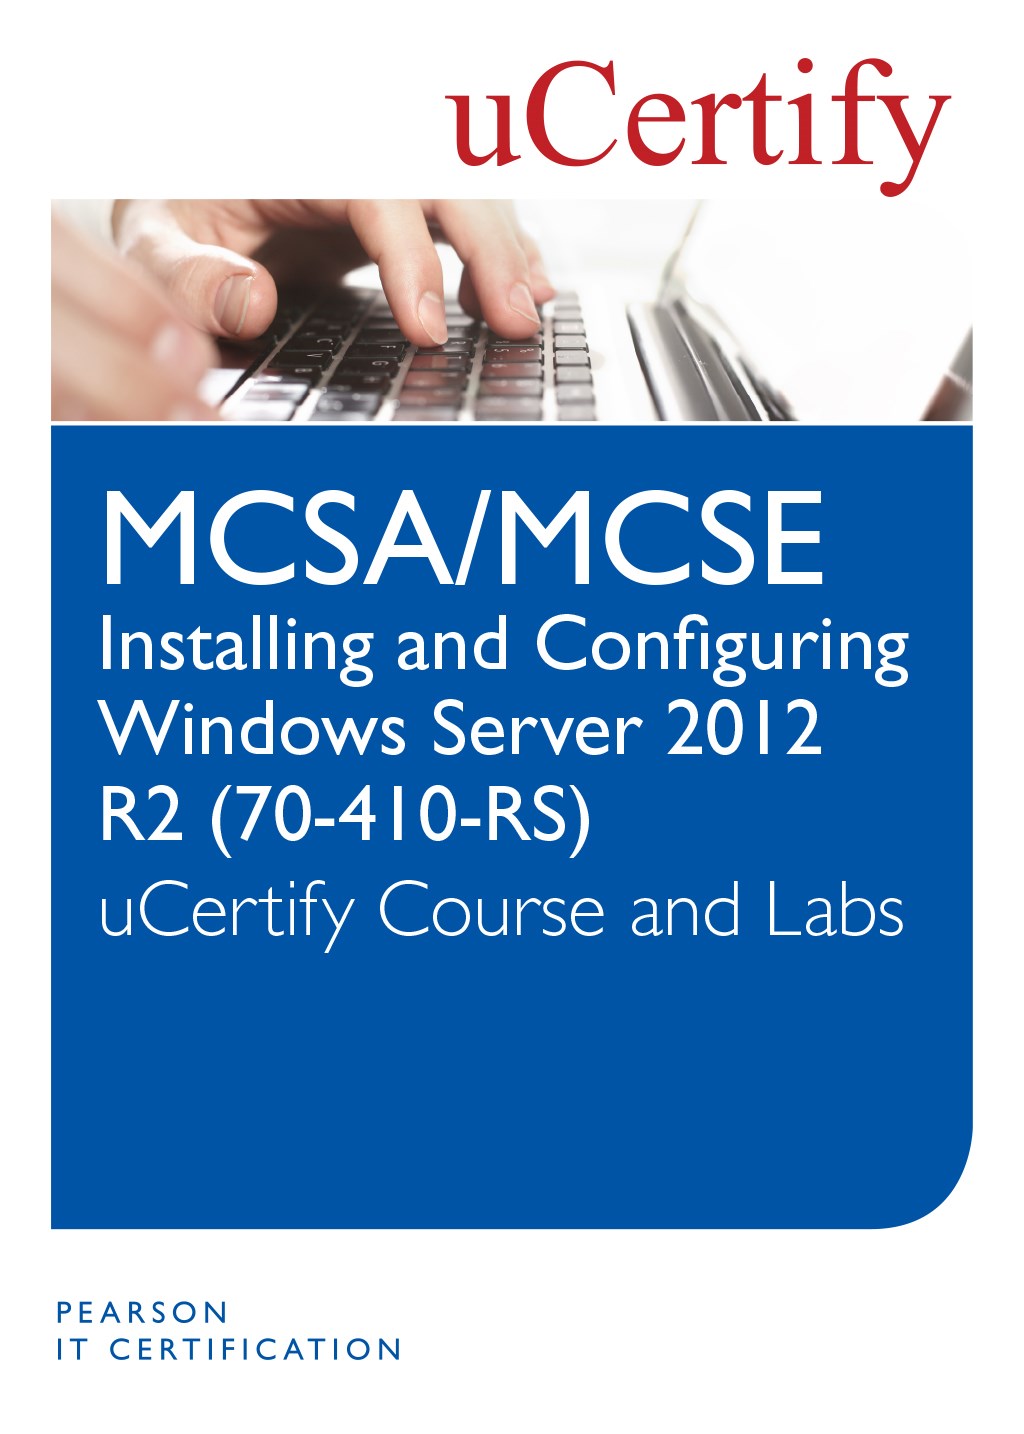 Installing and Configuring Windows Server 2012 R2 (70-410-R2) Course and Lab
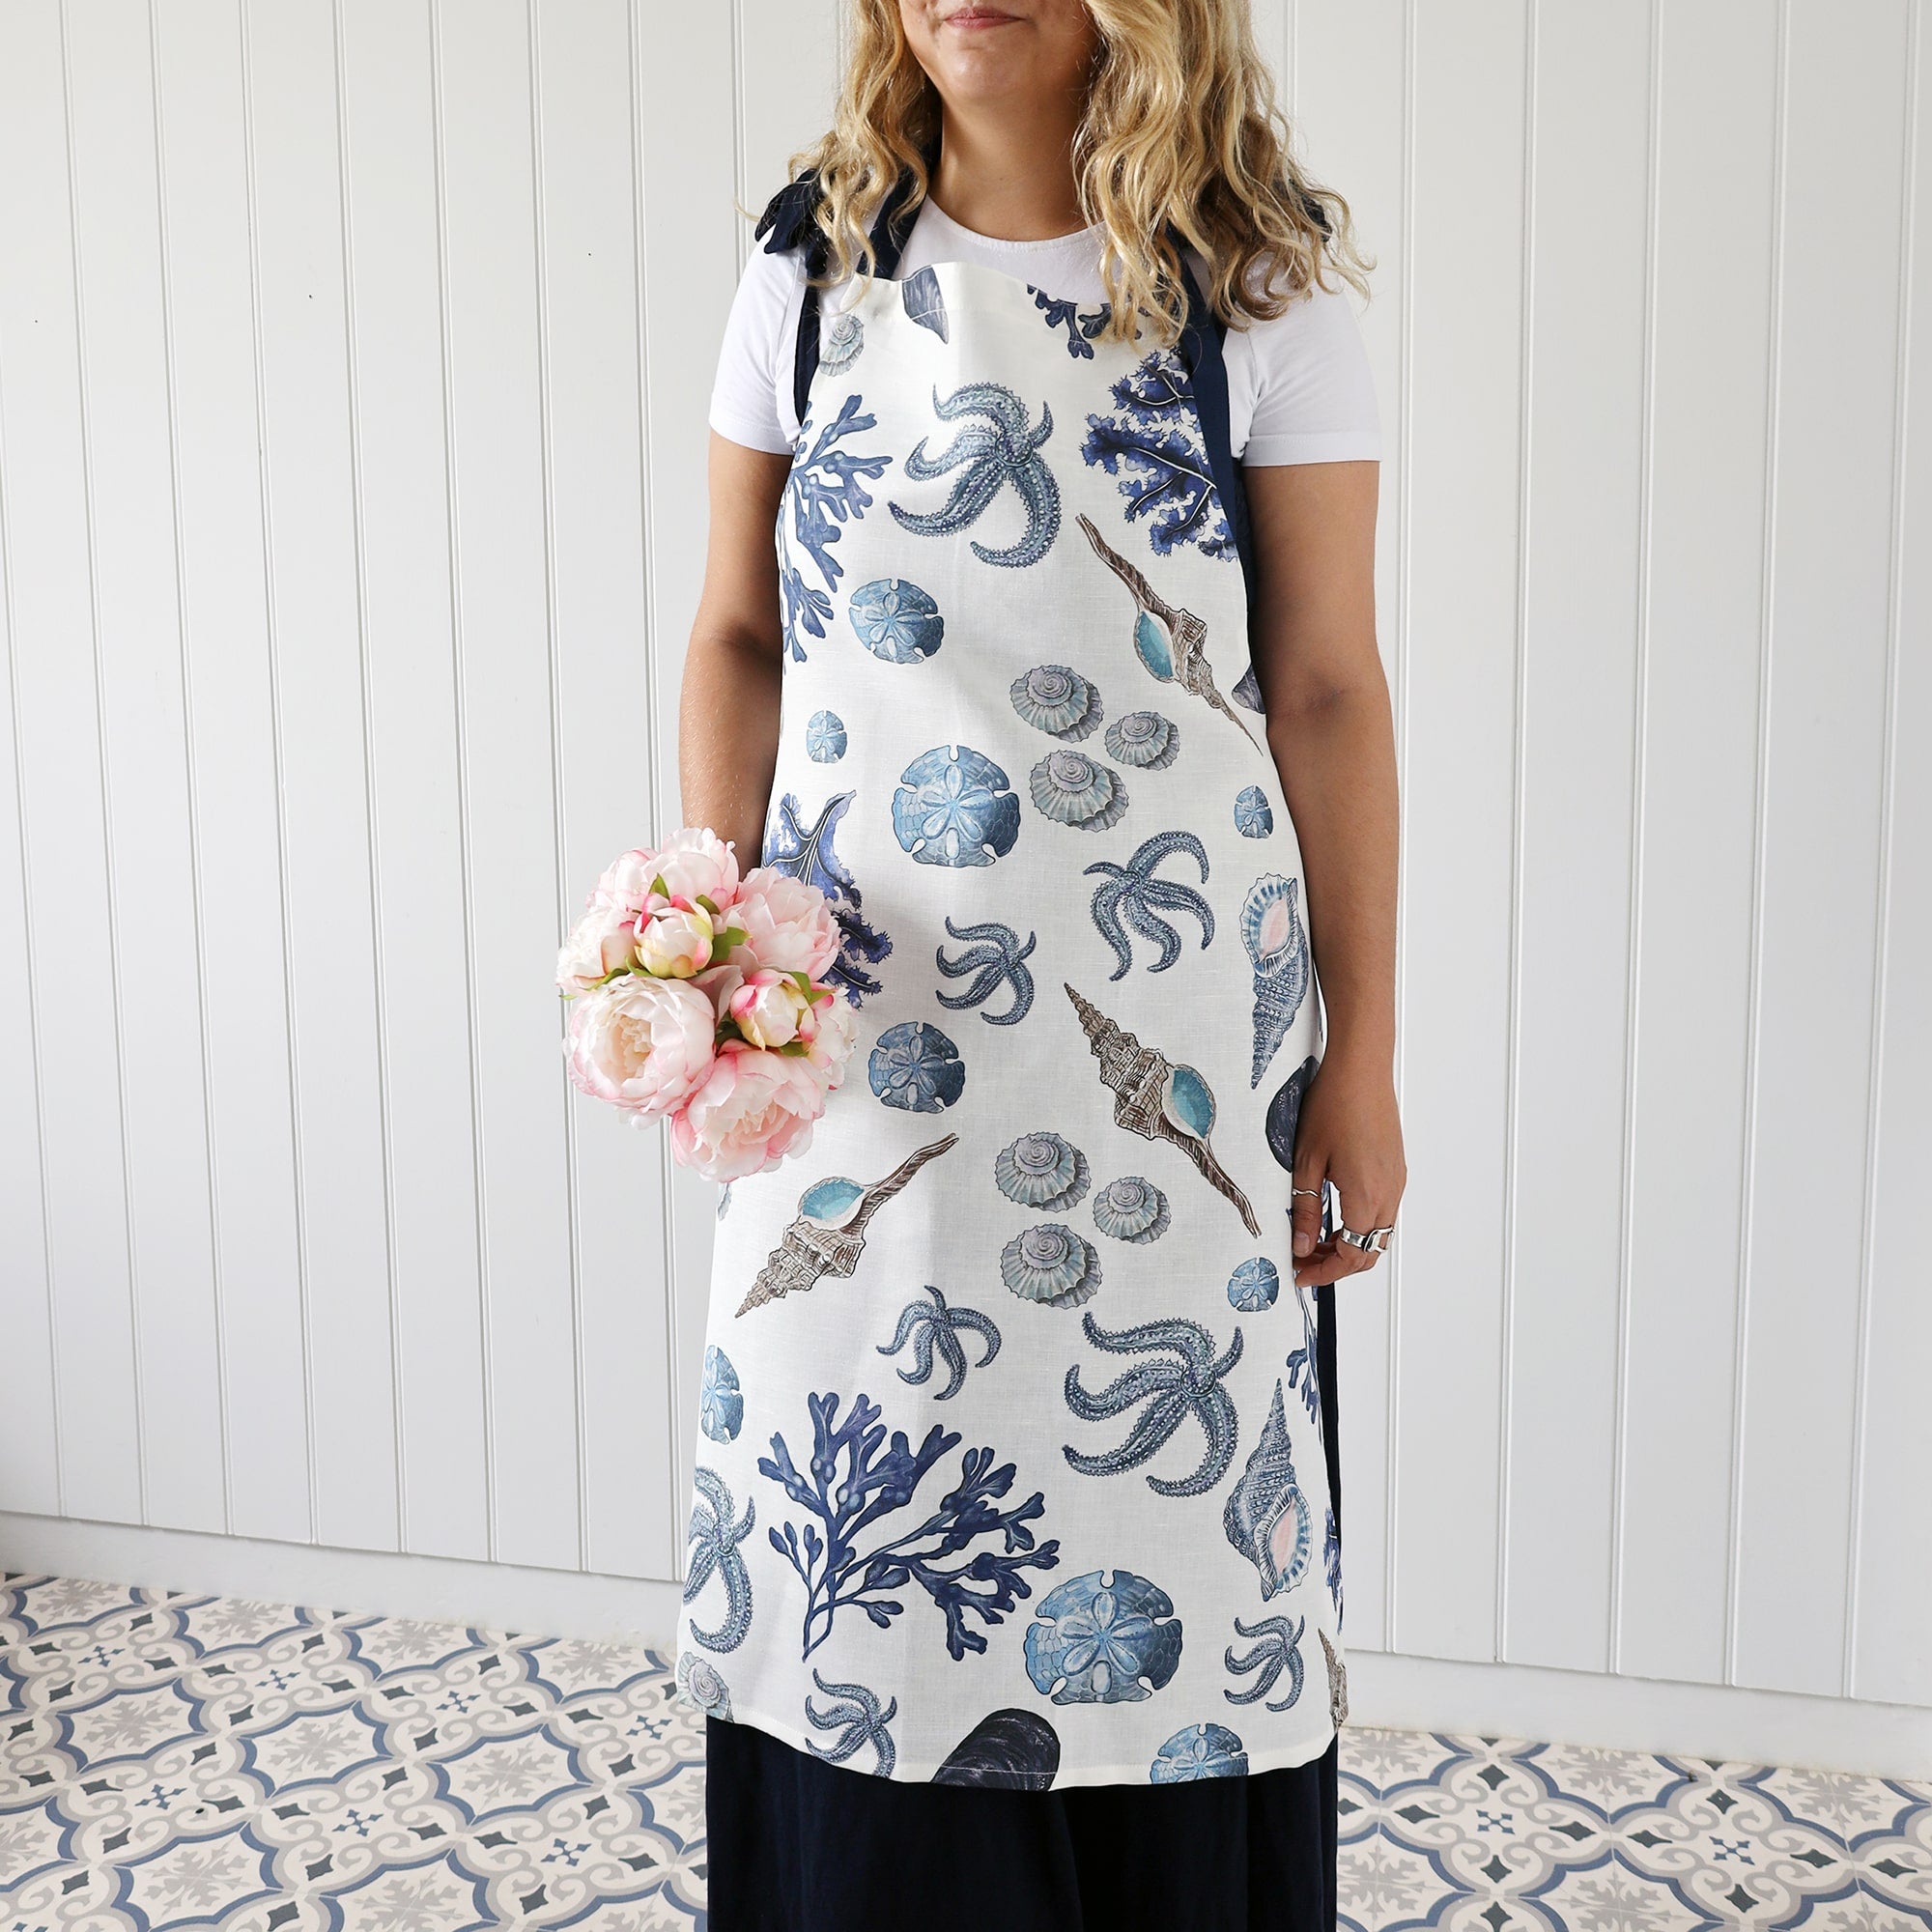 Our beachcomber apron being worn by a model who is also holding a small bouquet of flowers.
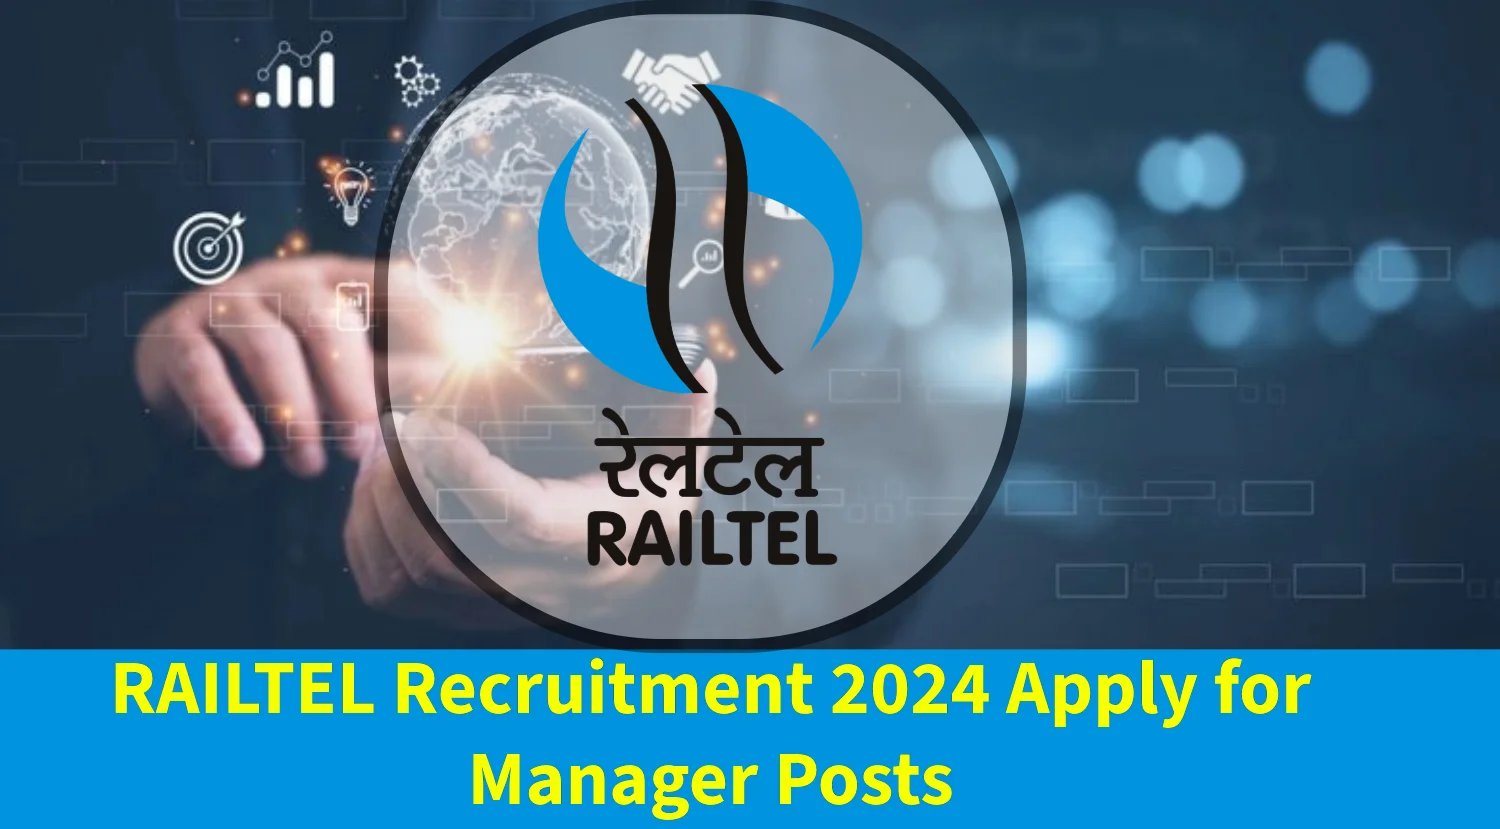 RAILTEL Recruitment 2024 Apply for Manager Posts
────────────────────────────────────────
■ Requirement ■
Write out the listing word for word, omitting the pictures it holds.

■ Solution to the problem ■
 Installing and Configuring Windows Server 2012 R2 (70-410-R2) Course and Lab
 Our beachcomber apron being worn by a model who is also holding a small bouquet of flowers.
 RAILTEL Recruitment 2024 Apply for Manager Posts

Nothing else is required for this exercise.